▶ [Your goal]: Reproduce every line of the listing as written, apart from the pictures.

▶ [Source material]:
-=-=-
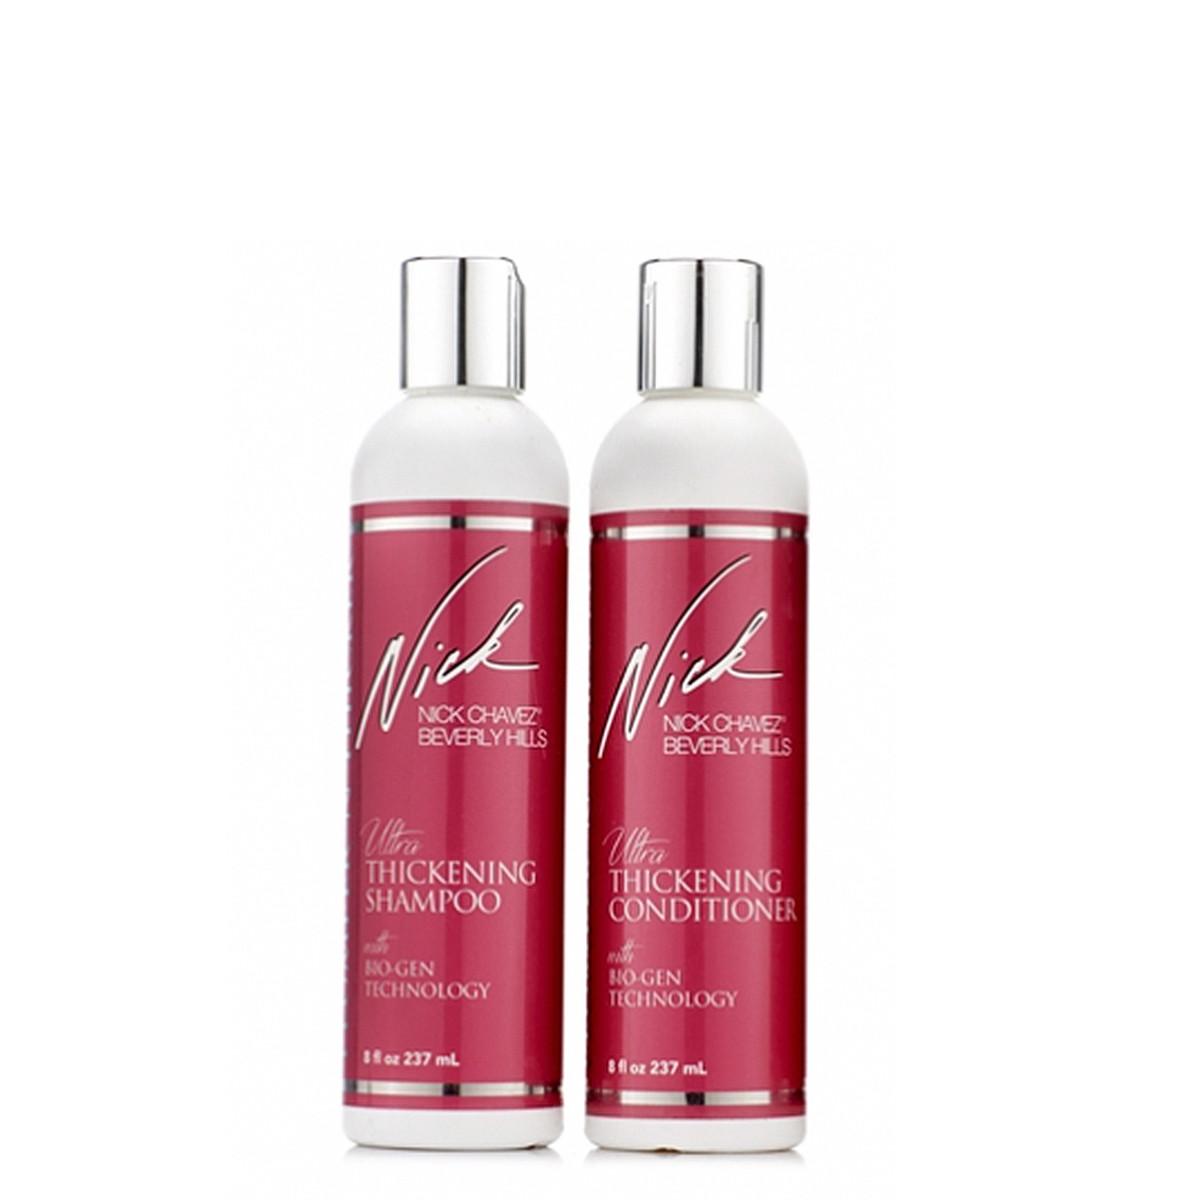 8oz Plumper 'n Thicker Shampoo & Conditioner DUO
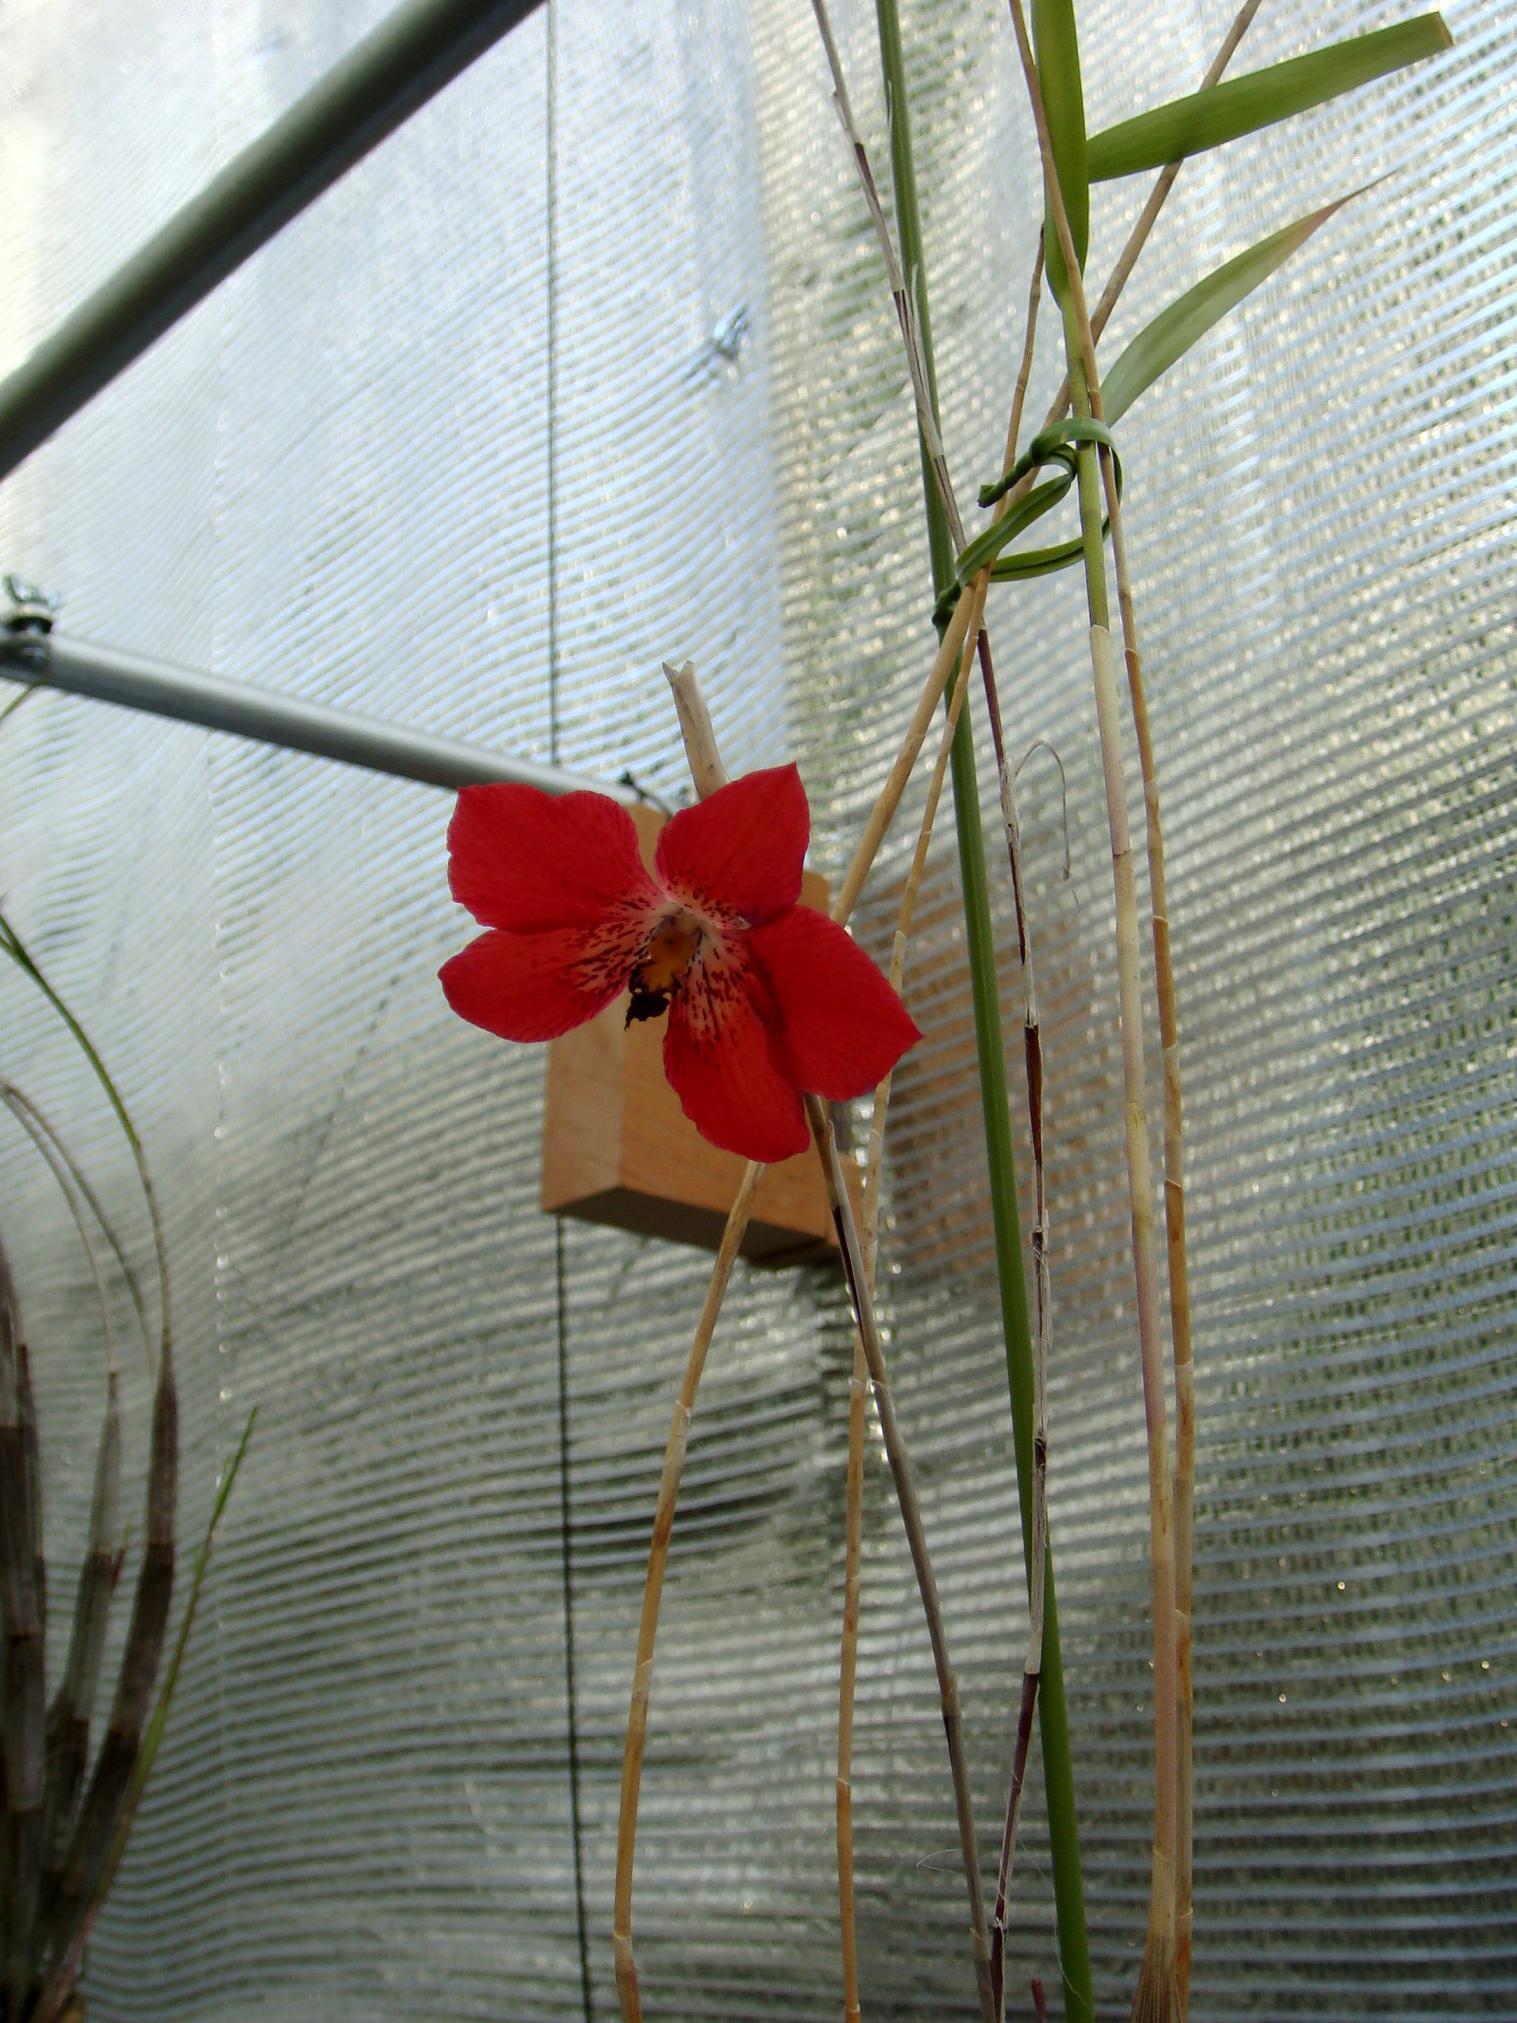 http://orchids.la.coocan.jp/Dendrobium/Dendrobium%20cinnabarinum/DSC04666.JPG
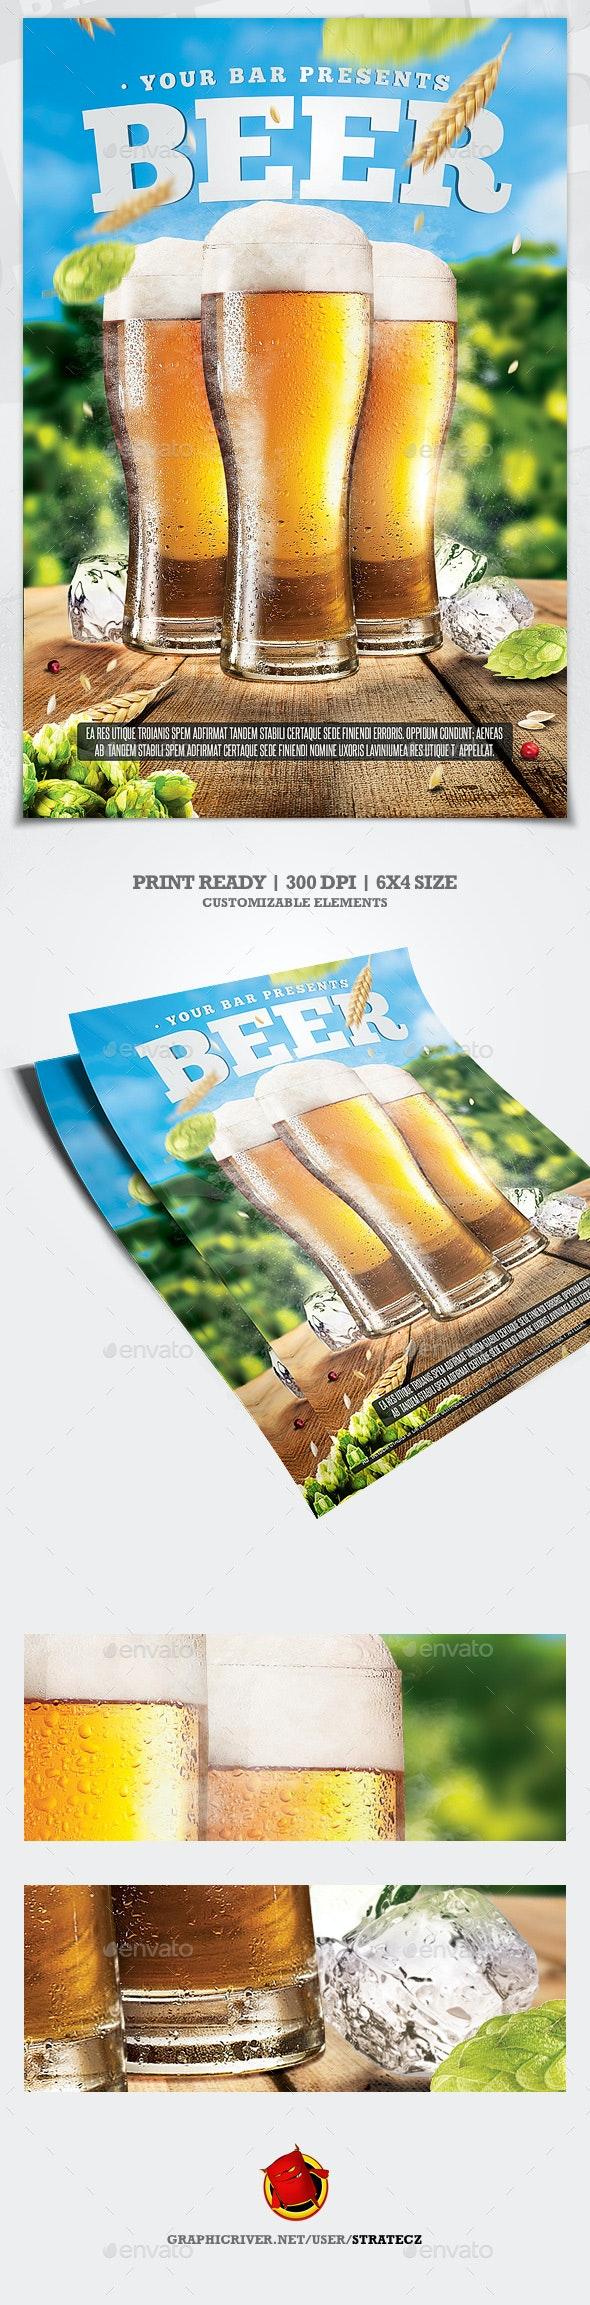 Beer Day Flyer - Commerce Flyers
-=-=-
▶ [Exercise result]:
 8oz Plumper 'n Thicker Shampoo & Conditioner DUO
 http://orchids.la.coocan.jp/Dendrobium/Dendrobium%20cinnabarinum/DSC04666.JPG
 Beer Day Flyer - Commerce Flyers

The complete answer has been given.